ECLI:NL:CRVB:2013:BZ6933

Centrale Raad van Beroep

Datum uitspraak
10 april 2013
Publicatiedatum
22 juni 2013
Zaaknummer
11/6961 ZVW + 13/698 ZVW
Instantie
Centrale Raad van Beroep
Type
Uitspraak
Rechtsgebied
Bestuursrecht; Socialezekerheidsrecht
Procedures
  • Hoger beroep
Vindplaatsen
  • Rechtspraak.nl
AI samenvatting door LexboostAutomatisch gegenereerd

Beroep tegen de vaststelling van de buitenlandbijdrage Zorgverzekeringswet en de toepassing van de woonlandfactor

In deze zaak gaat het om een hoger beroep van appellant, A. te B., tegen de uitspraak van de rechtbank Amsterdam van 30 november 2011, waarin het beroep tegen het besluit van het College voor zorgverzekeringen (Cvz) ongegrond werd verklaard. Appellant, woonachtig in België, was als verdragsgerechtigde aangemerkt onder de Zorgverzekeringswet (Zvw) en had recht op zorg in zijn woonland. De voorlopige buitenlandbijdrage voor het jaar 2006 was vastgesteld op € 526, maar de definitieve bijdrage werd later vastgesteld op € 2.546,42, waar appellant nog € 1.093,80 van moest betalen. Appellant maakte bezwaar tegen deze definitieve vaststelling, maar Cvz verklaarde dit bezwaar ongegrond.

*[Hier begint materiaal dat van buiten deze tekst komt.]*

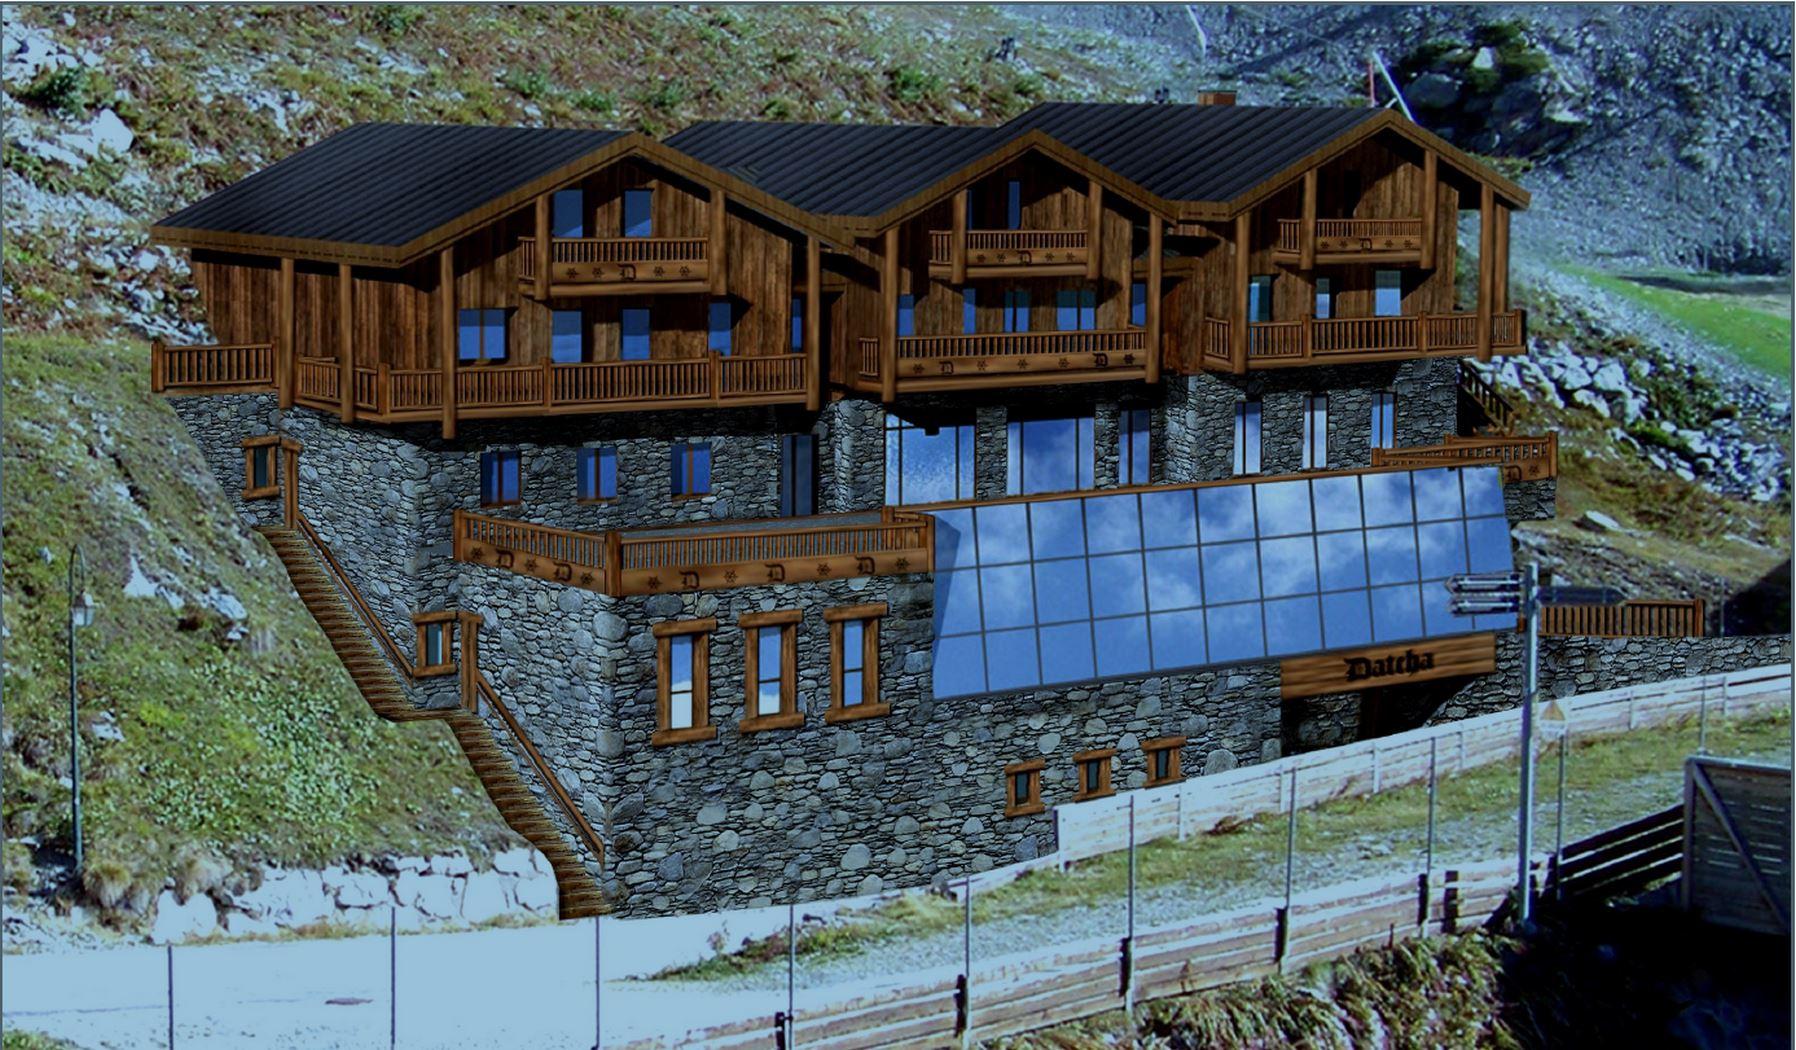 EXCEPTIONAL: LUXURY GUEST CHALET LA DATCHA - PRIVATE CHALET - 1200 m² - 15 persons

De rechtbank oordeelde dat Cvz zich bij de vaststelling van de buitenlandbijdrage had gebaseerd op de inkomensgegevens van de Belastingdienst, waarvan de juistheid niet was betwist door appellant. Appellant voerde in hoger beroep aan dat hij erop mocht vertrouwen dat de definitieve vaststelling niet ingrijpend zou afwijken van de voorlopige vaststelling en dat de overschrijding van de beslistermijn door Cvz fatale gevolgen zou moeten hebben. De Raad voor de Rechtspraak oordeelde echter dat de overschrijding van de termijn geen fatale gevolgen had en dat de berekening van de buitenlandbijdrage correct was uitgevoerd.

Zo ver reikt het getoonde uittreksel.